▸ **Description of the task**
Extract the stretch of lines that starts at the line with "Men's '47 Black" and ends at the last line of the data below. Give it exactly, without pictures.

▸ **Data below**
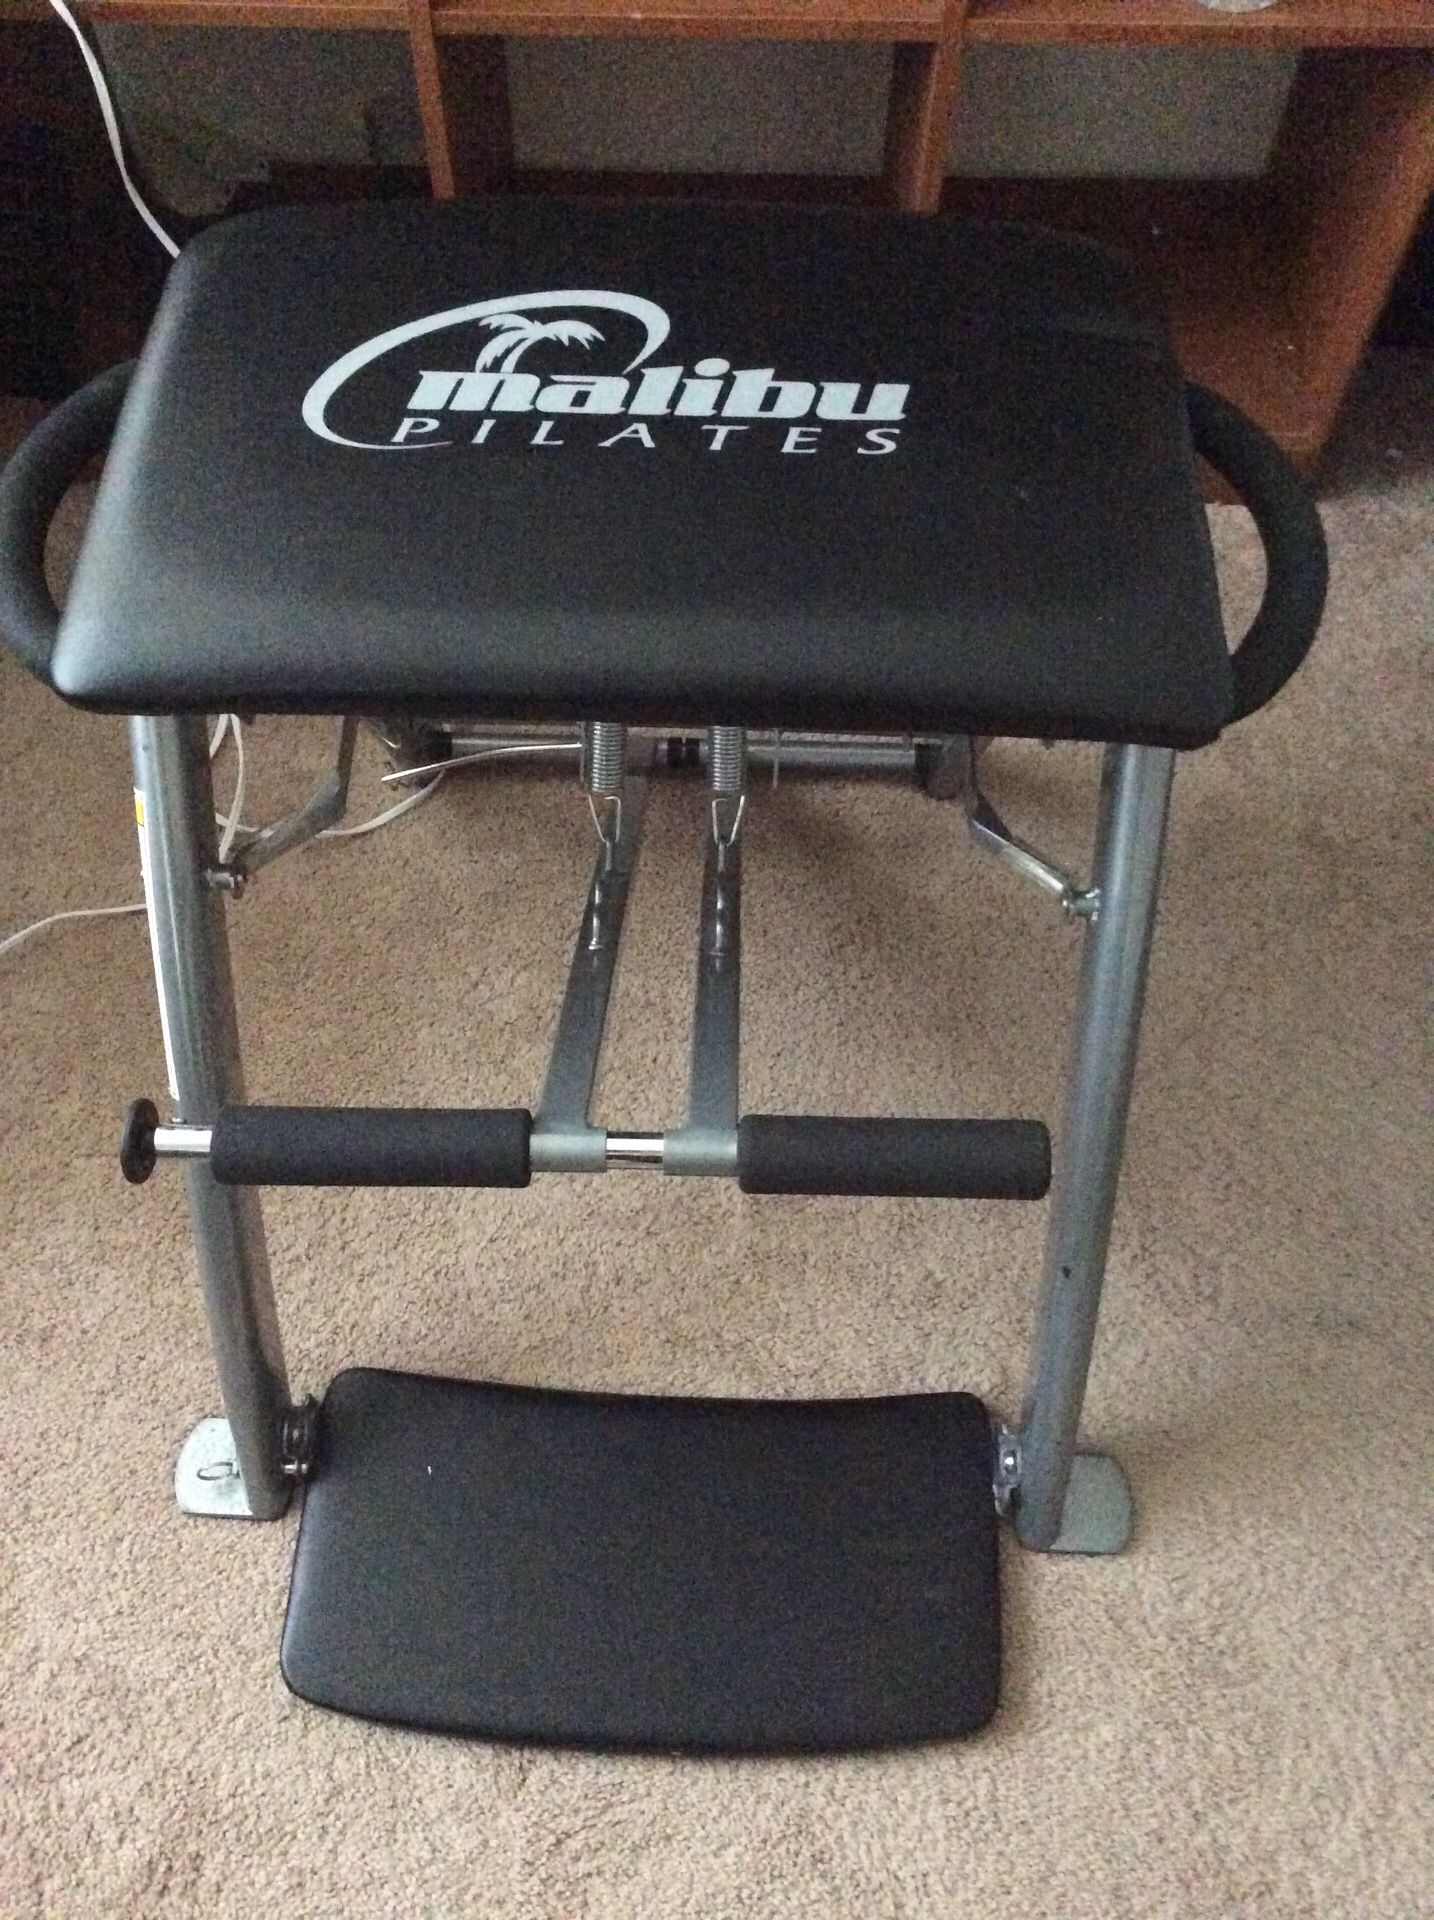 Malibu Pilates abs exercise machine
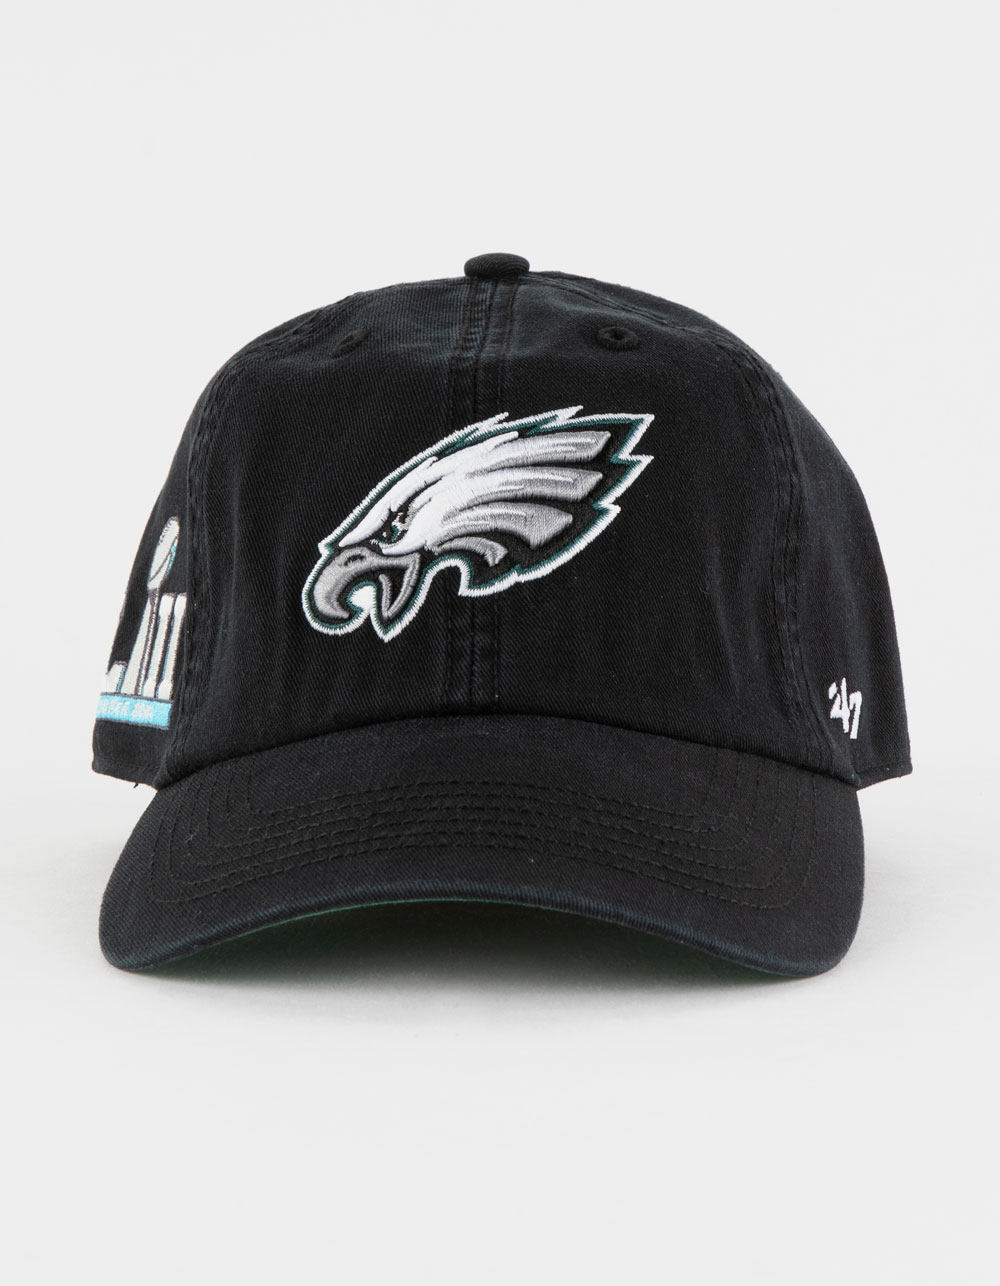 Men's '47 Black Philadelphia Eagles Sure Shot Franchise Fitted Hat Size: Small
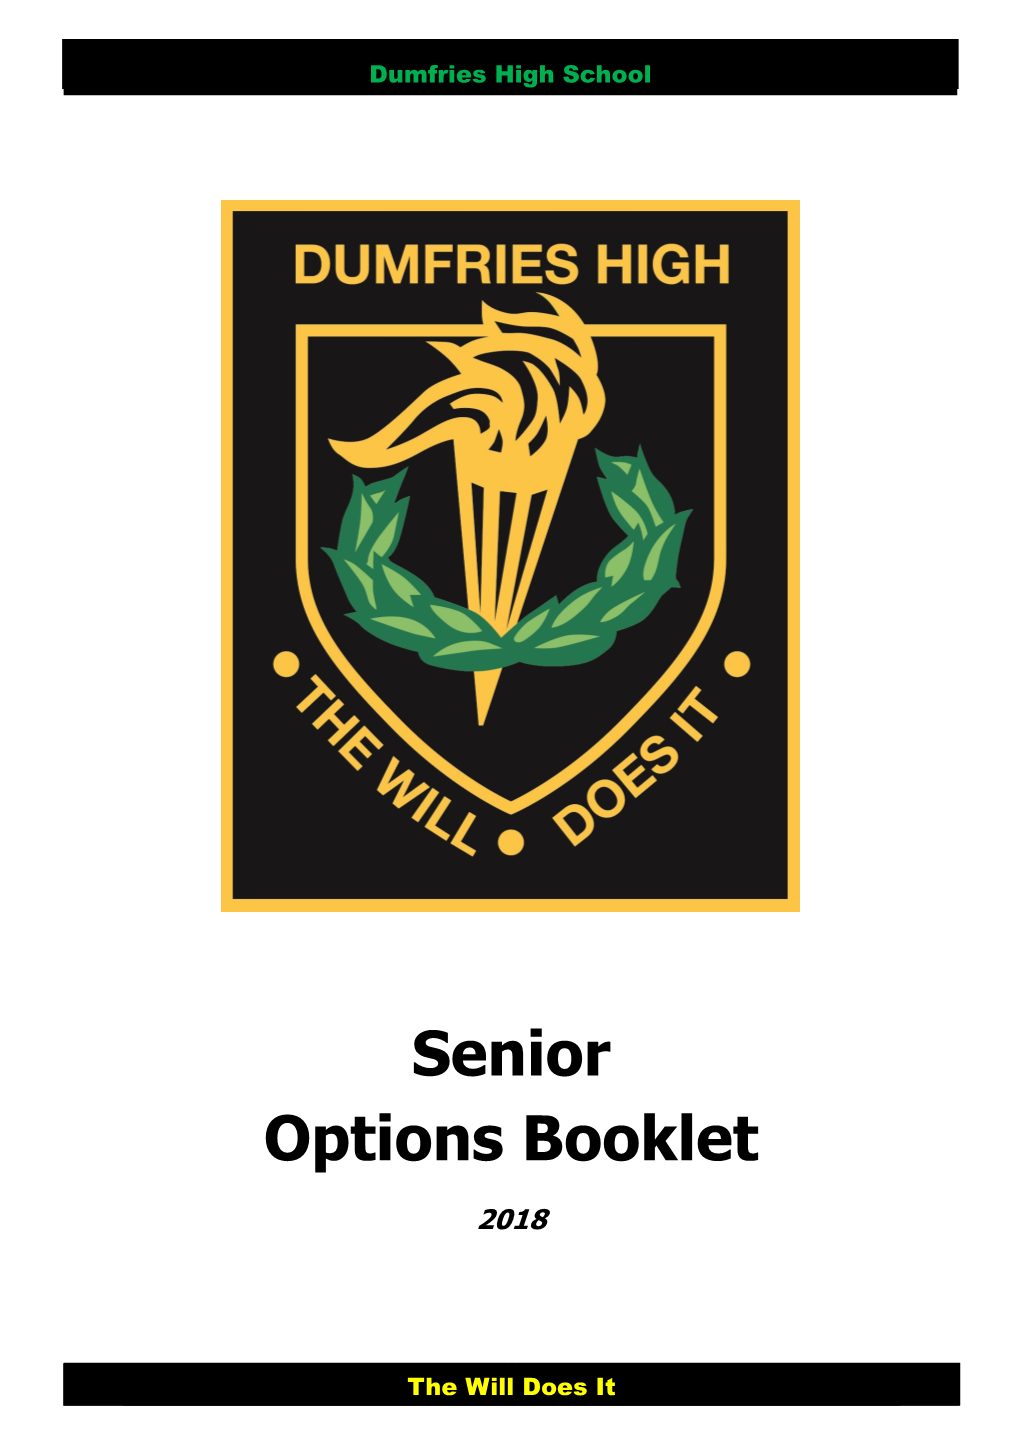 Senior Options Booklet

▸ **Finished exercise**
 Men's '47 Black Philadelphia Eagles Sure Shot Franchise Fitted Hat Size: Small
 Senior Options Booklet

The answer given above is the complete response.